_YOUR TASK_:
Look through the listing below for the line containing "Jimmy Choo Eyewear". Copy it and each line after it up to and including the line containing "Buy Black Men's", exactly, leaving out pictures.

_SOURCE DATA_:
##############################

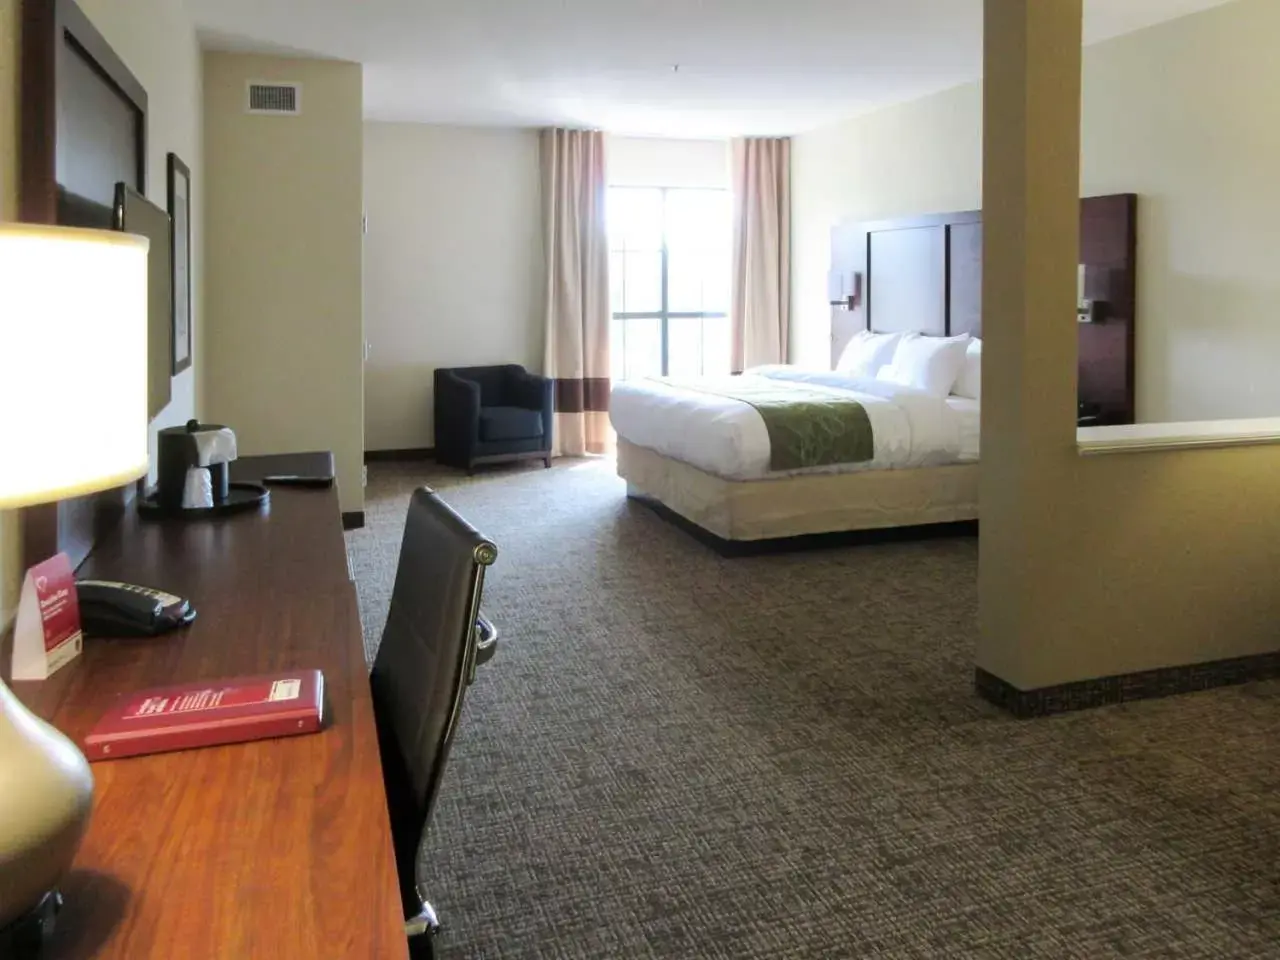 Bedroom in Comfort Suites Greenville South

##############################

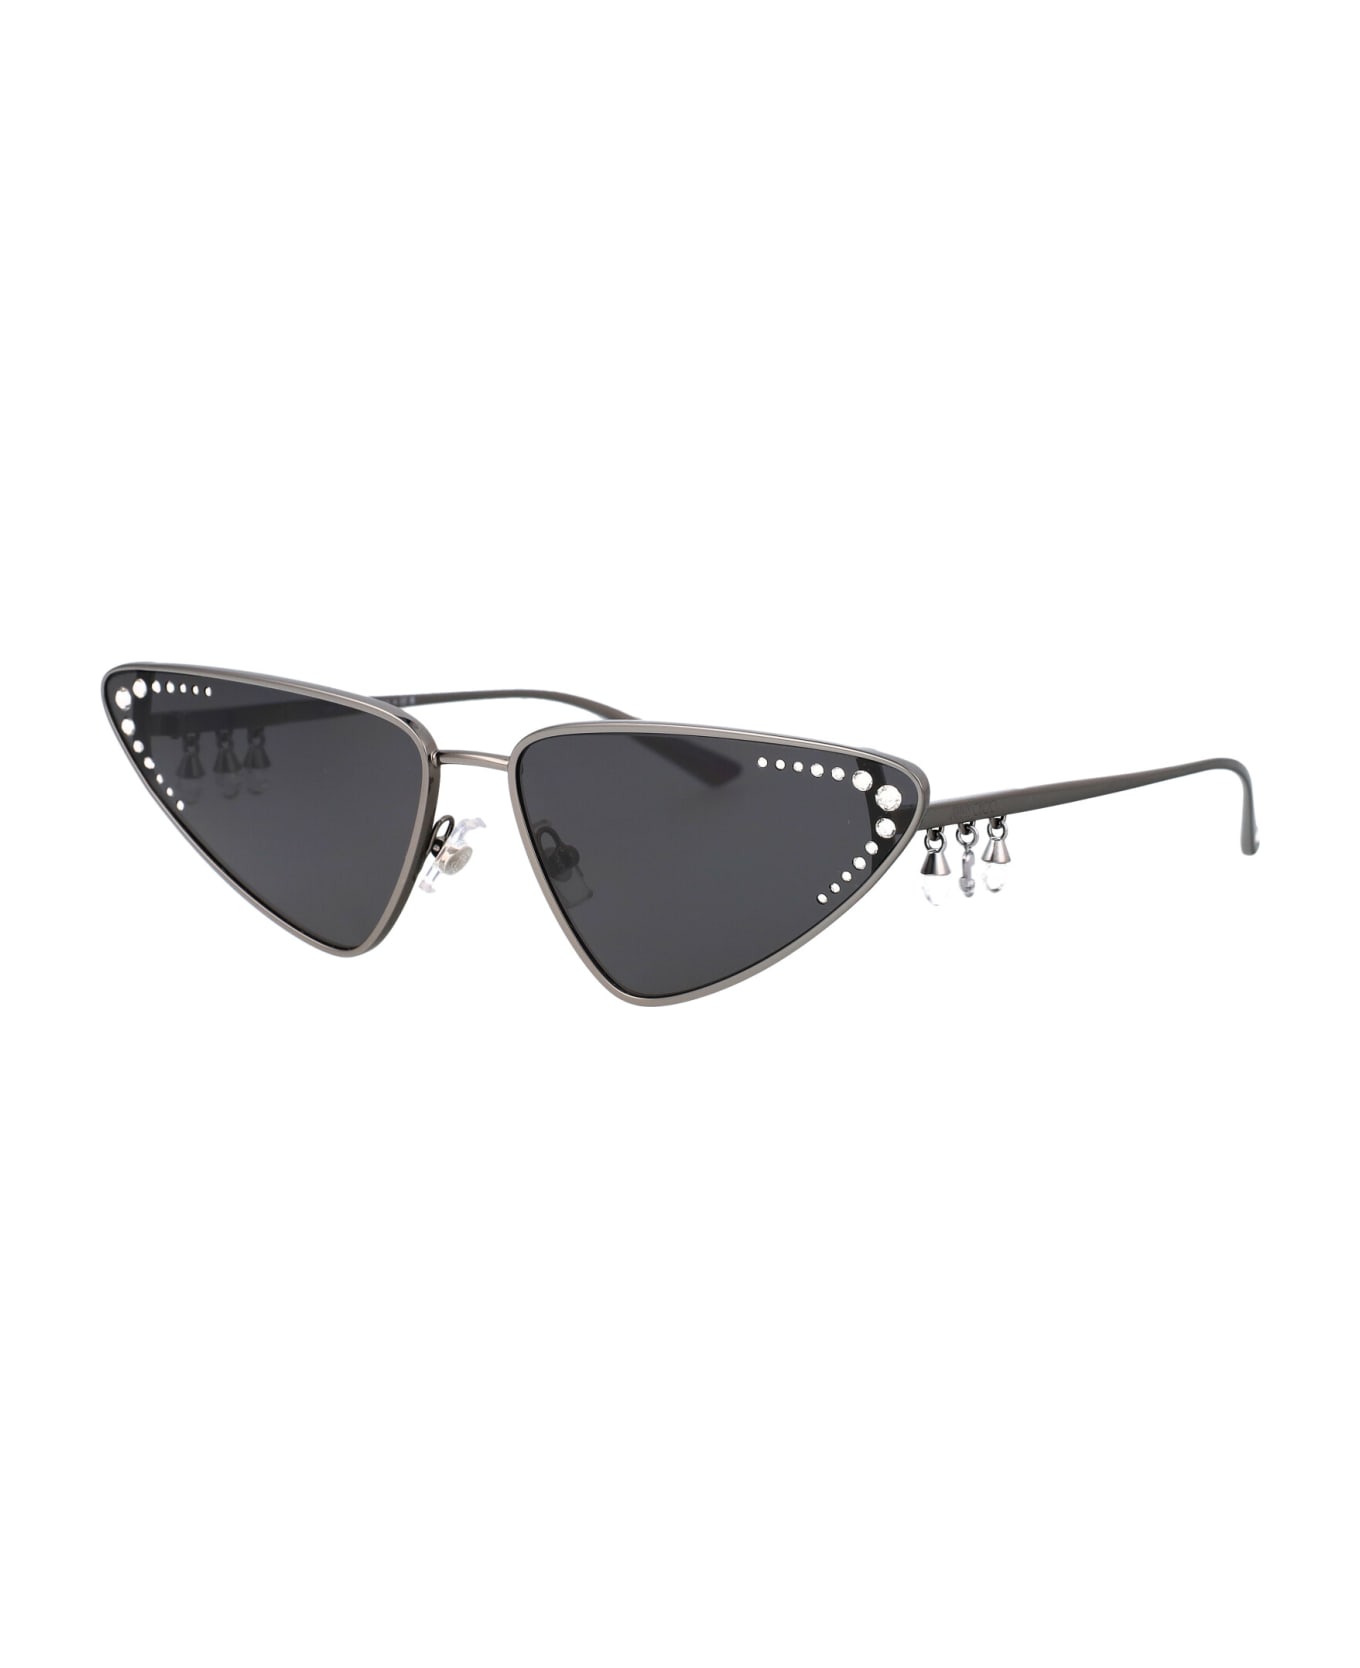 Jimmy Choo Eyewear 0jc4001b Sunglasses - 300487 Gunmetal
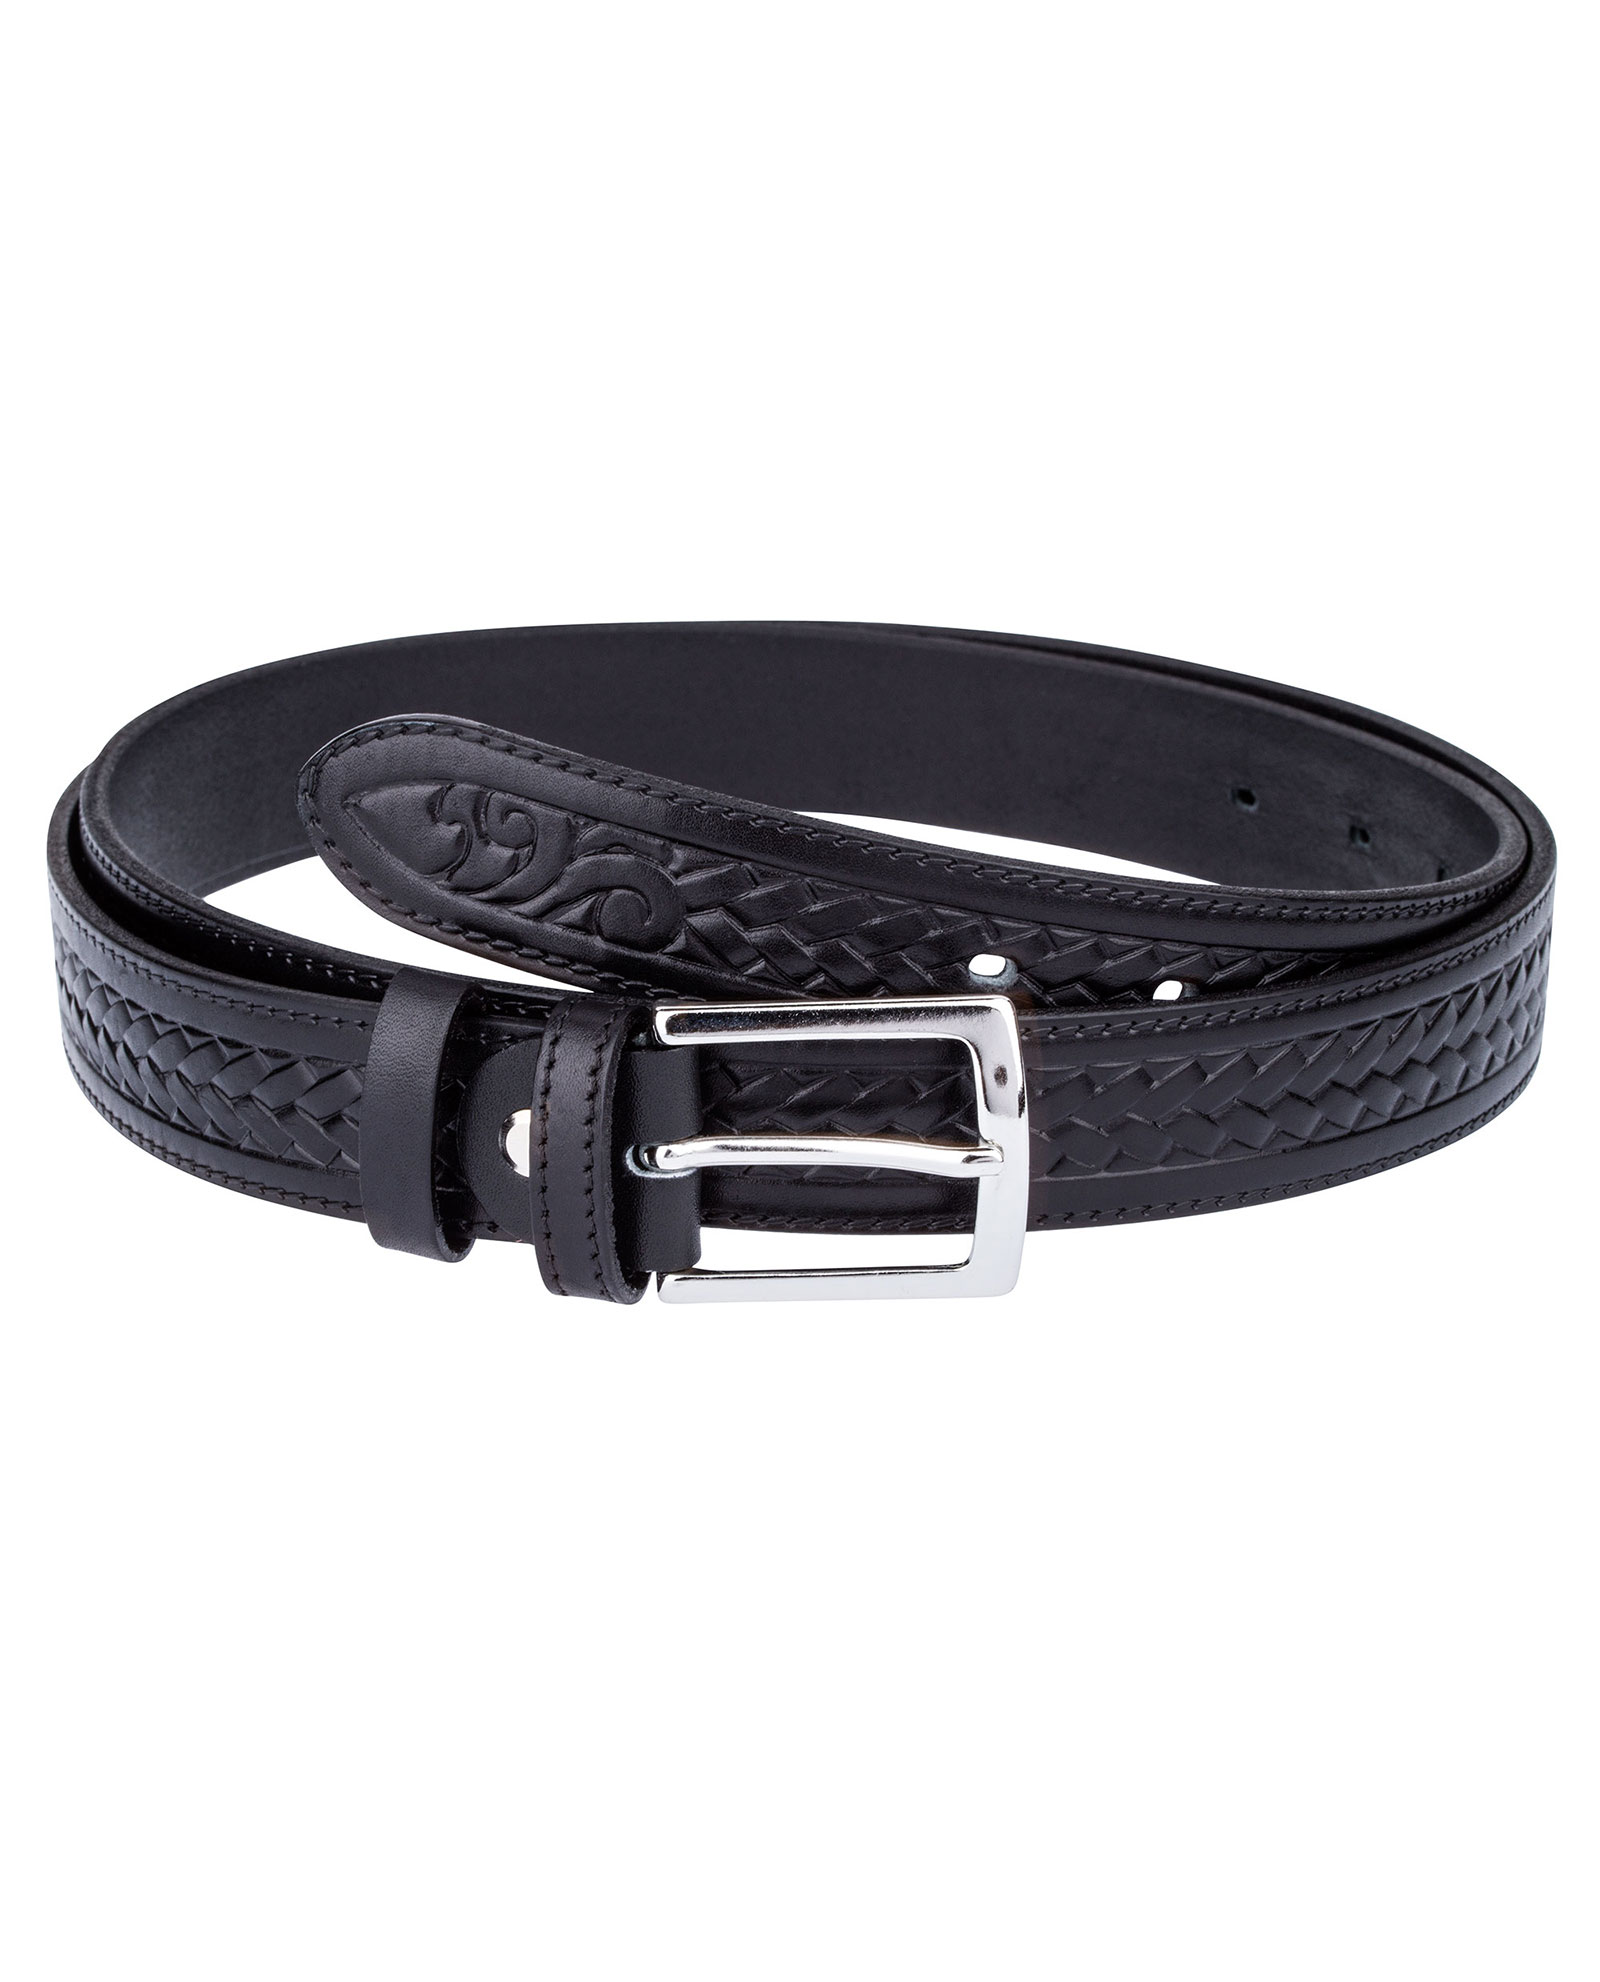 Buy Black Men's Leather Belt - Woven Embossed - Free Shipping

##############################

_SOLUTION_:
 Jimmy Choo Eyewear 0jc4001b Sunglasses - 300487 Gunmetal
 Buy Black Men's Leather Belt - Woven Embossed - Free Shipping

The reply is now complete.